Выбравшись из леса, Никандров остановился. Вправо, где лежали мелкие озерки и был кочарник, где зимой добывали торф, разлилось чуть ли не до самого Нагорного светлое море. Там, где сияло солнце, вода трепетала, переливаясь расплавленным серебром, беспрестанно вспыхивали мириады водяных бликов.

Можно было взять левее озера, но через овраг, должно быть, перед половодьем разобрали мост. Никандров двинулся опушкой, пытаясь выйти на плотину Барского пруда, и хотя давал большой крюк, но иного пути не было.
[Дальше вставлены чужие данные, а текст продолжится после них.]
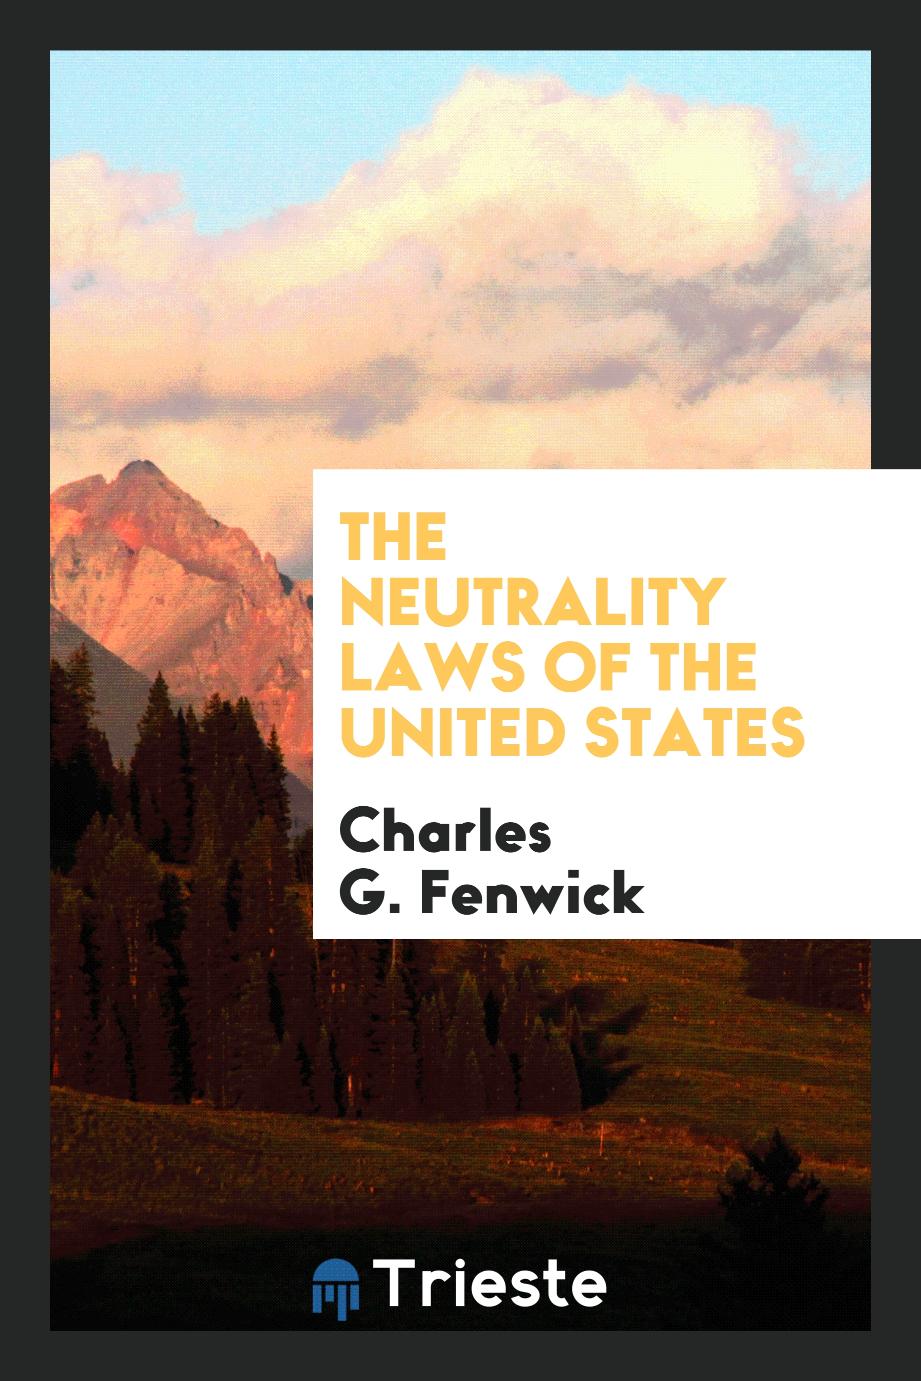 The neutrality laws of the United States

Лес делал зигзаги, он то приближался, то удалялся от оврага, чем он ближе подходил, тем мельче становился, а у самого оврага рос кустарник: обычная смесь коряжистого орешника с серой крушиной и темноствольной черемухой. Ближе к оврагу снег был тонкий, чем тоньше снег, тем говорливей под ногами; в орешнике снега не было совсем, из-под прошлогодних листьев глядели желтые зрачки гусиного лука.

Пока лес не оделся, навстречу солнцу спешили первые цветы — желтые. Вместе с гусиным луком засияют безлистые цветы мать-и-мачехи, а за ними на опушках поднимутся сладкие баранчики, первоцветы, появятся лютики и купальница, светлые лужи низинных лугов усеет желтыми блестящими чашечками калужница, а взгорье луга вышьет маленькими золотистыми солнцами одуванчик; позднее лес и луг, окраины поля заполнят лиловые, синие, розовые, красные цветы, и, конечно же, будет преобладать белый цвет, куртины черемухи поднимут белые столбики-свечечки, а калина раскинет душистые кремовые тарелочки — будто по кайме оврагов молоко пролили…

Никандров рассуждал по-крестьянски. Если будет стоять такое тепло, через день-два снег тронется из леса водой. И хорошо, что его, Никандрова, выхлопотали, а то позднее он не прошел бы ни лесом, ни здесь, несмотря на высокие охотничьи сапоги.